Дальше лето покатилось своим чередом, как будто ничего не произошло. Маринка с удвоенной энергией погрузилась в домашние дела. Димка как в воду канул. Сверкающую лунную ночь сменили беспощадные будни. Только с того самого дня Маринка с мужем больше никогда не спали вместе. Голубев до конца августа ежевечерне укладывался спать в сенях…
Где-то ближе к концу сентября поздно вечером в квартире Голубевых раздался телефонный звонок. Звонила Наташка, которая недавно вернулась с отдыха.
— Привет, как тебе отдохнулось?
— Нормально, — не задумываясь, ответила Маринка, — а тебе?
— Да так себе, — ответила собеседница, — только терпеть не могу мужиков. Кажется, мой отец был прав…
— Что ты имеешь в виду?
— Так, ничего… Забудь. Ты слышала, что братец-то в очередной раз натворил?
— Что случилось? — Сердце Маринки, как всегда при случайном упоминании имени Димки, рухнуло в пятки.

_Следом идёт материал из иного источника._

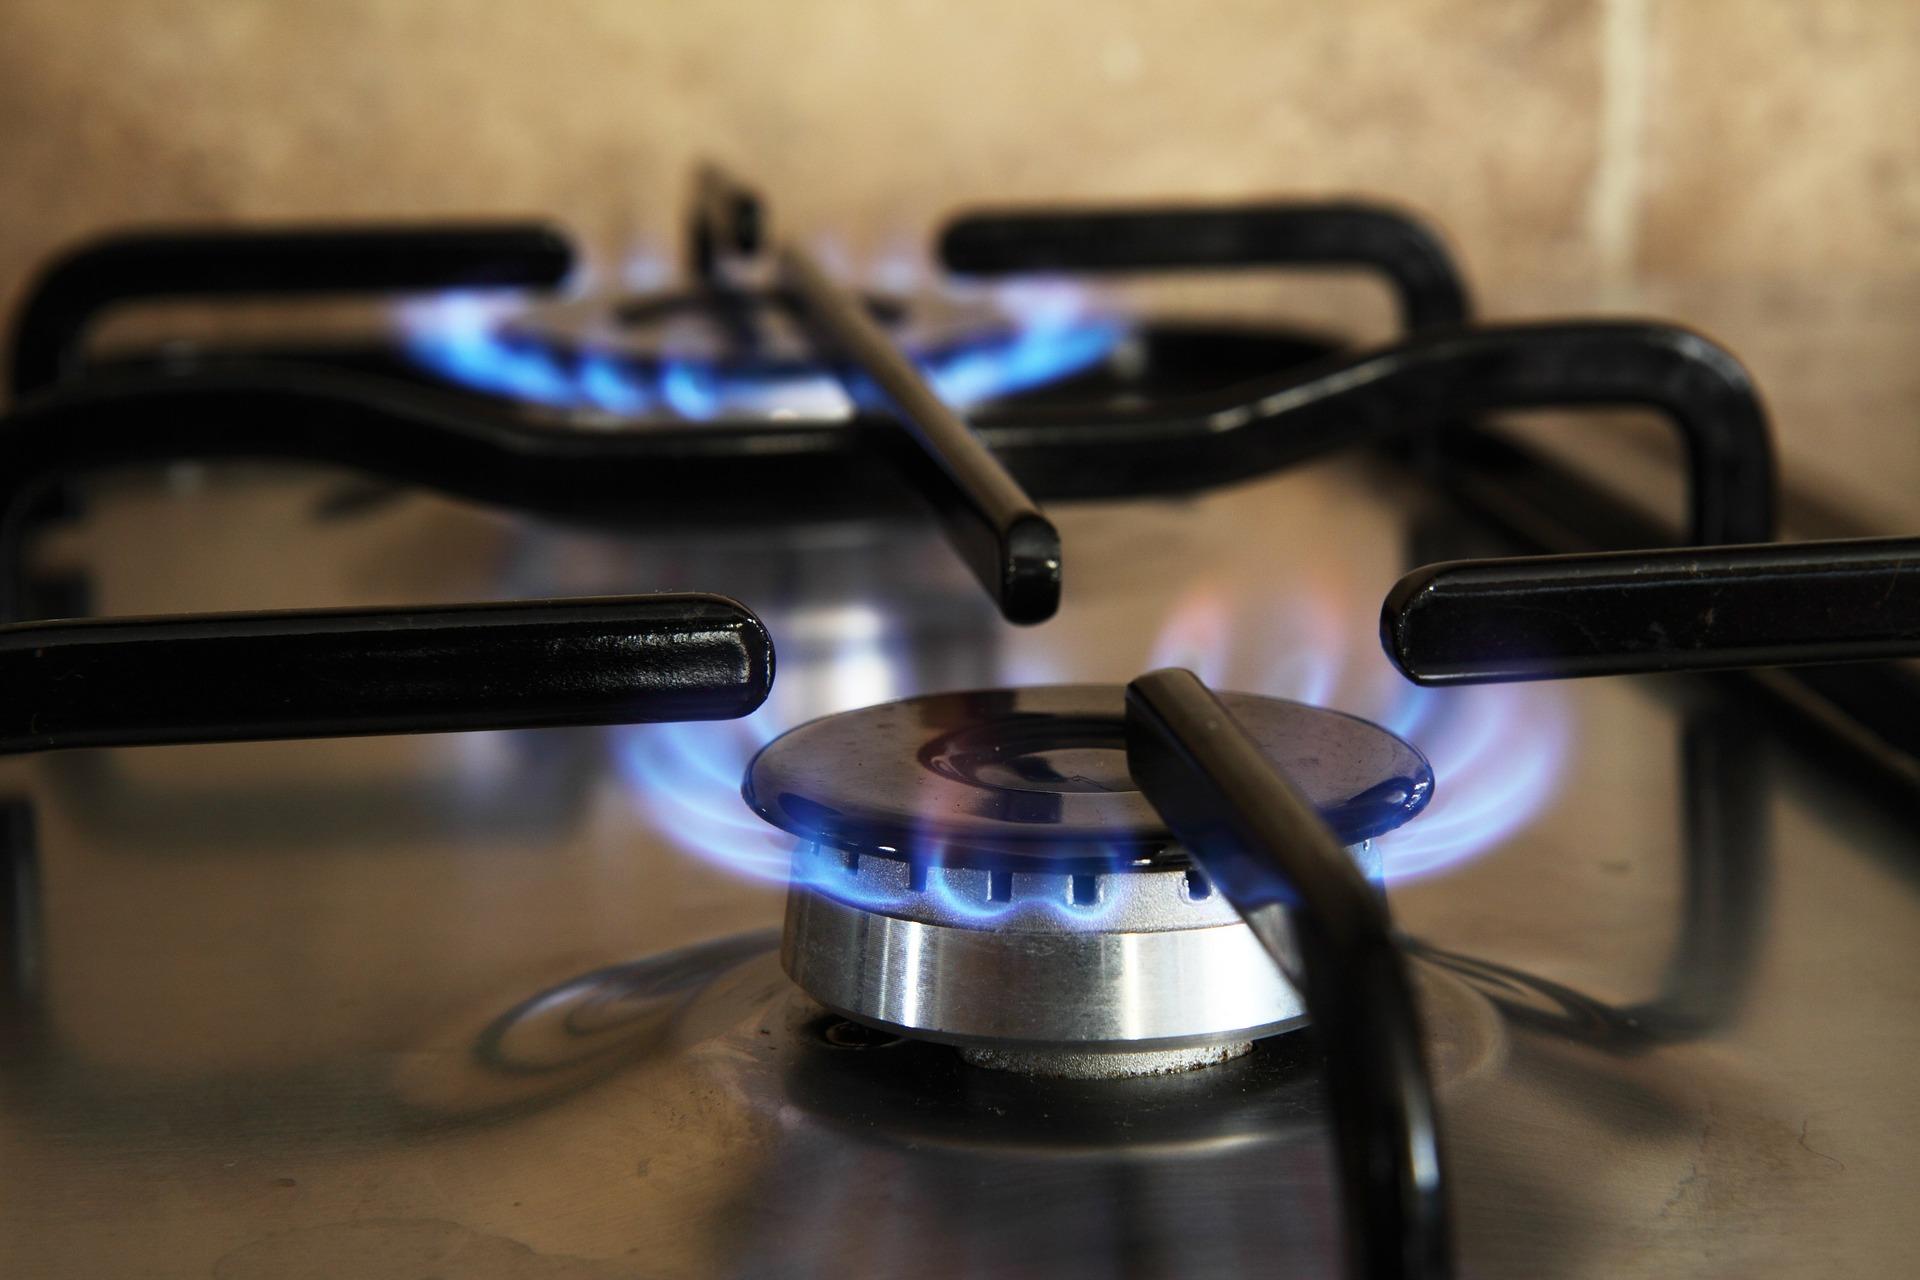 Gas vergleich

— А что это у тебя так голос изменился? Ты что, переживаешь за него, что ли, до сих пор? Брось, не стоит. Представь, он снова женился!
— Женился? — Маринка едва дар речи не потеряла. — Постой… Но он же женат… У него же Светка и Ленка!
— Ха-ха, — язвительно отозвалась Наташка, — ты и вправду ничего не знаешь о моем братце. Наш пострел везде поспел. Светка его выгнала еще весной. Он так распоясался, что стало просто невыносимо. Со всеми подряд… Стыдобища!
— То есть этим летом он уже был разведен? — воскликнула Маринка. — Почему же он ничего мне не сказал?
— Так, дорогуша, — голос Наташки сразу стал отстраненным, — ты что, в этом тоже поучаствовала? Мне Светка что-то намекала…
— Это не то, что ты думаешь. А на ком он женился?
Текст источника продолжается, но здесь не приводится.